# DATA
*****

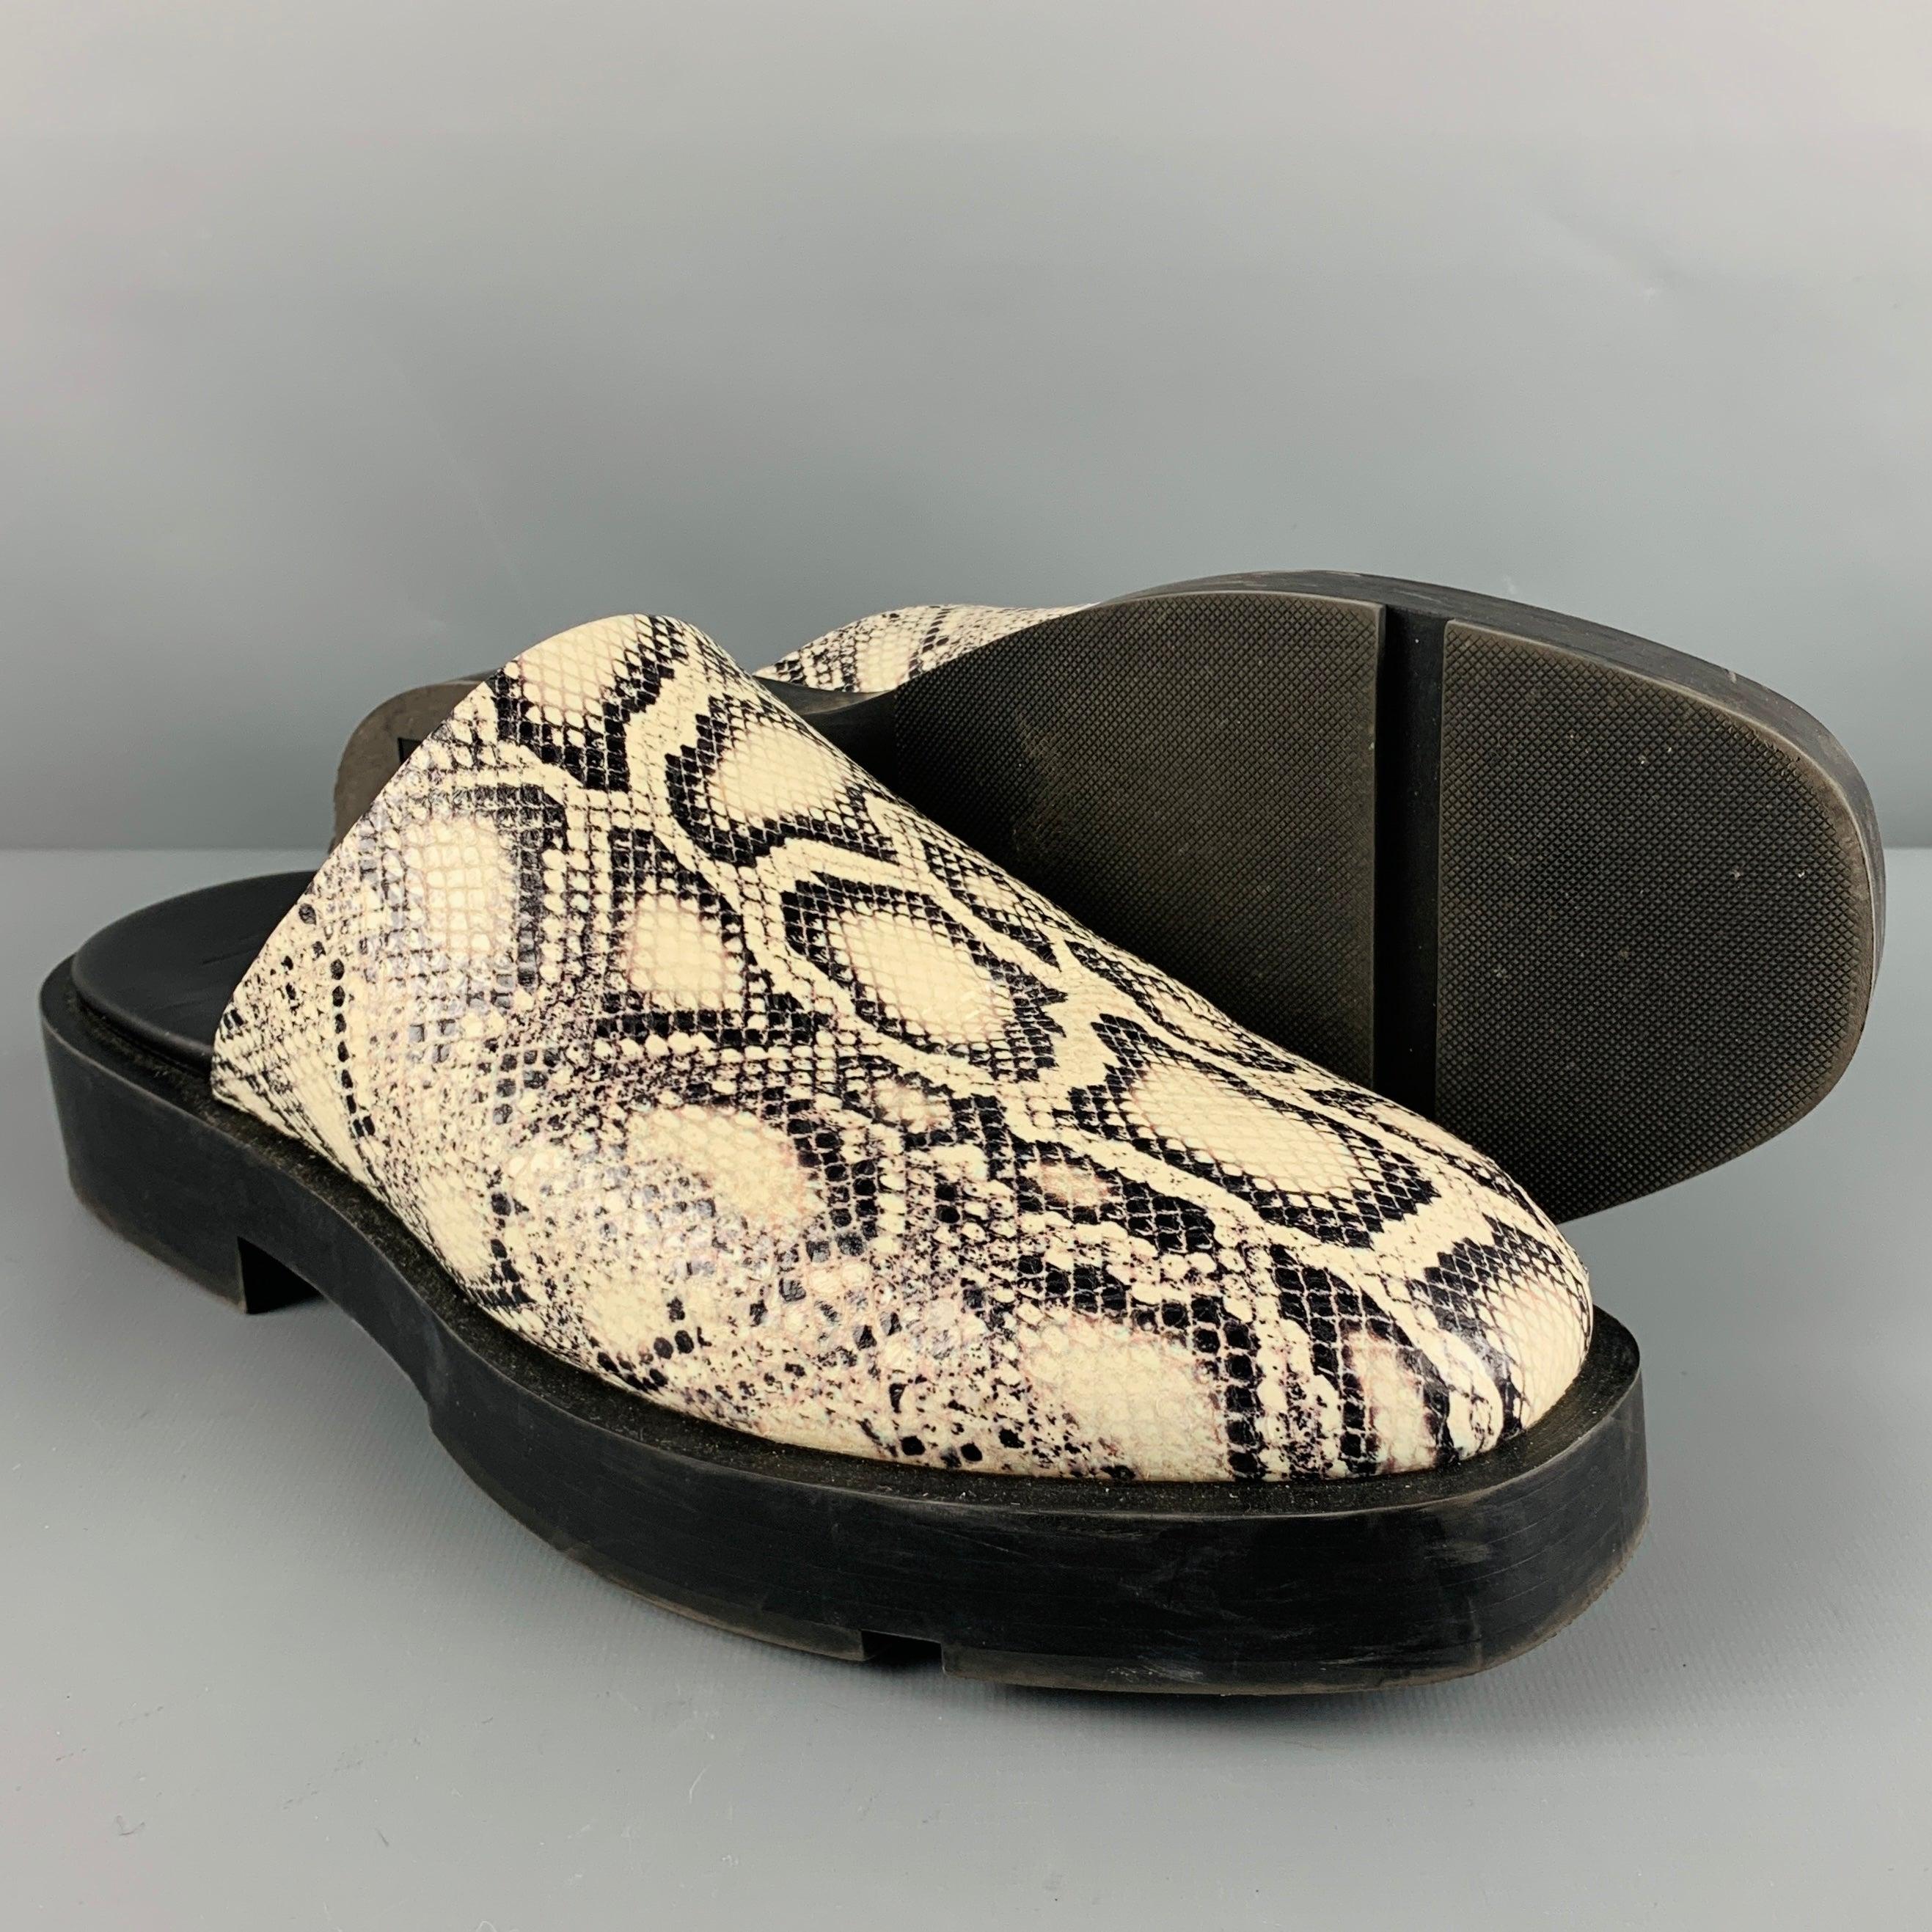 GIVENCHY Size 11 Black White Snake Print Leather Slip On Loafers For Sale 1
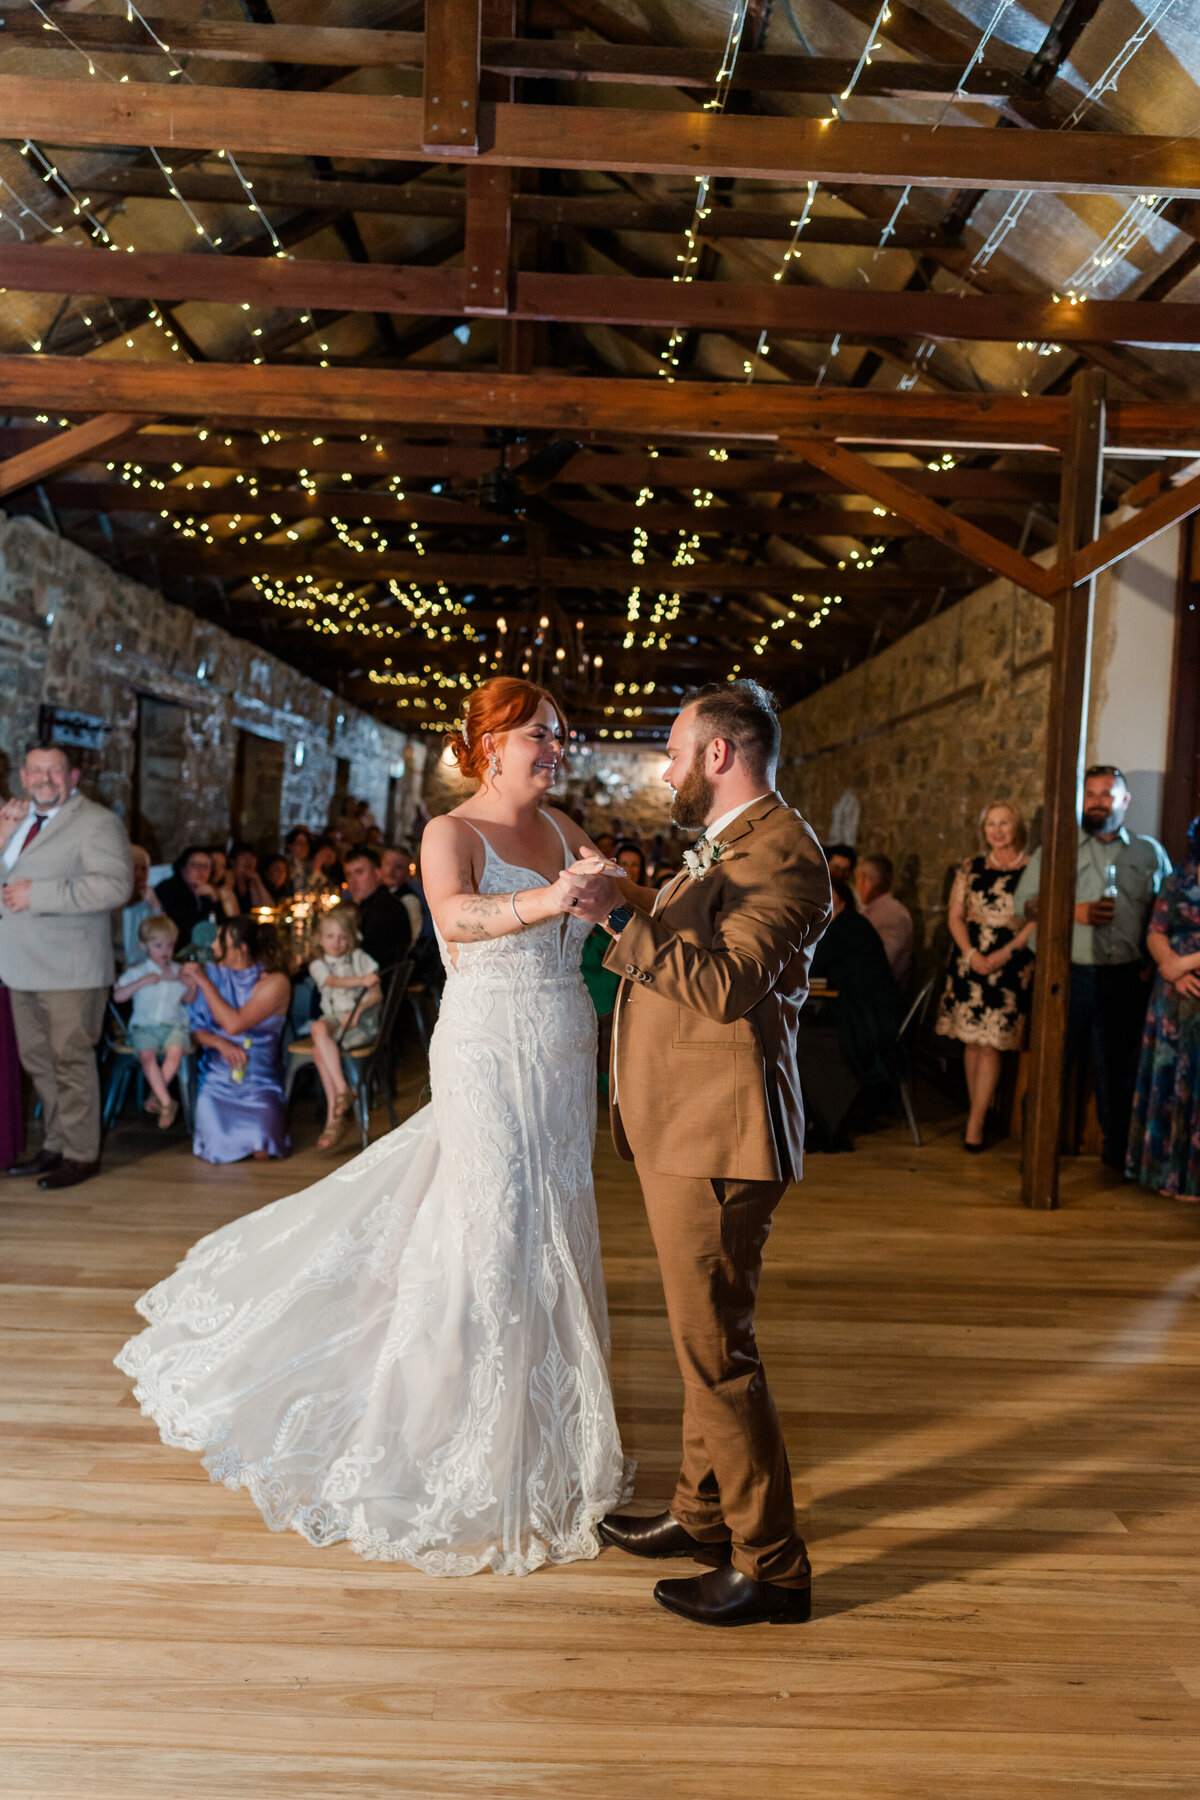 Candid wedding moments at the stable
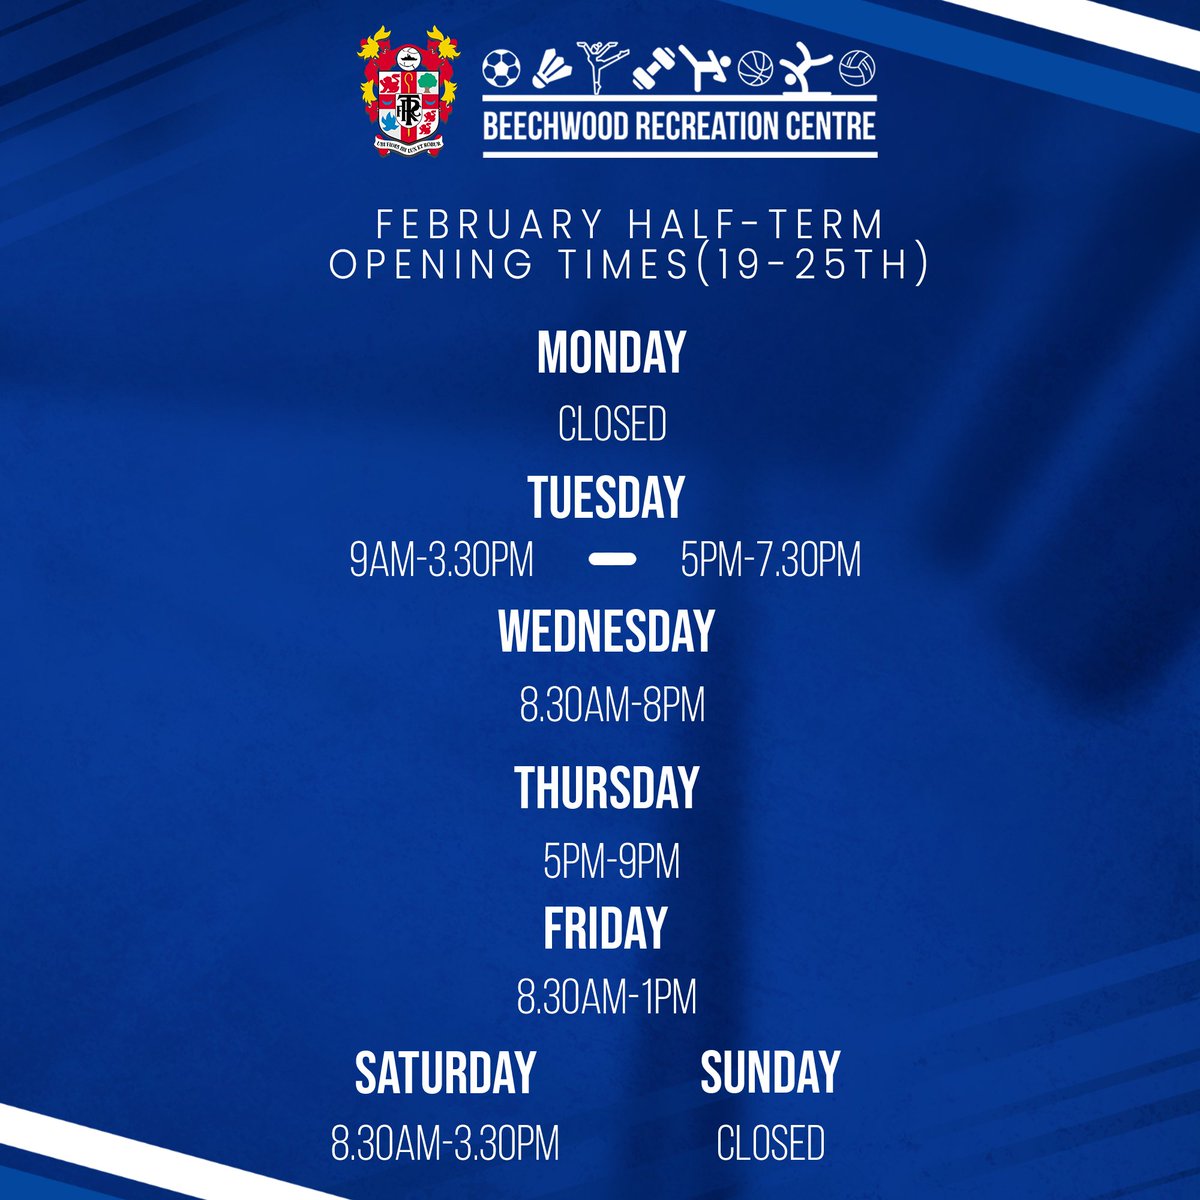 📆 Here are our opening times for the upcoming February half-term (19-25th February). Apologies for any inconvenience caused by the change of hours for the week. #TRFC #SWA

*****

# EXERCISE DETAILS
From the first line to the last, retype the data above exactly, but not its images.

# RESPONSE AREA
 GIVENCHY Size 11 Black White Snake Print Leather Slip On Loafers For Sale 1
 Candid wedding moments at the stable
 📆 Here are our opening times for the upcoming February half-term (19-25th February). Apologies for any inconvenience caused by the change of hours for the week. #TRFC #SWA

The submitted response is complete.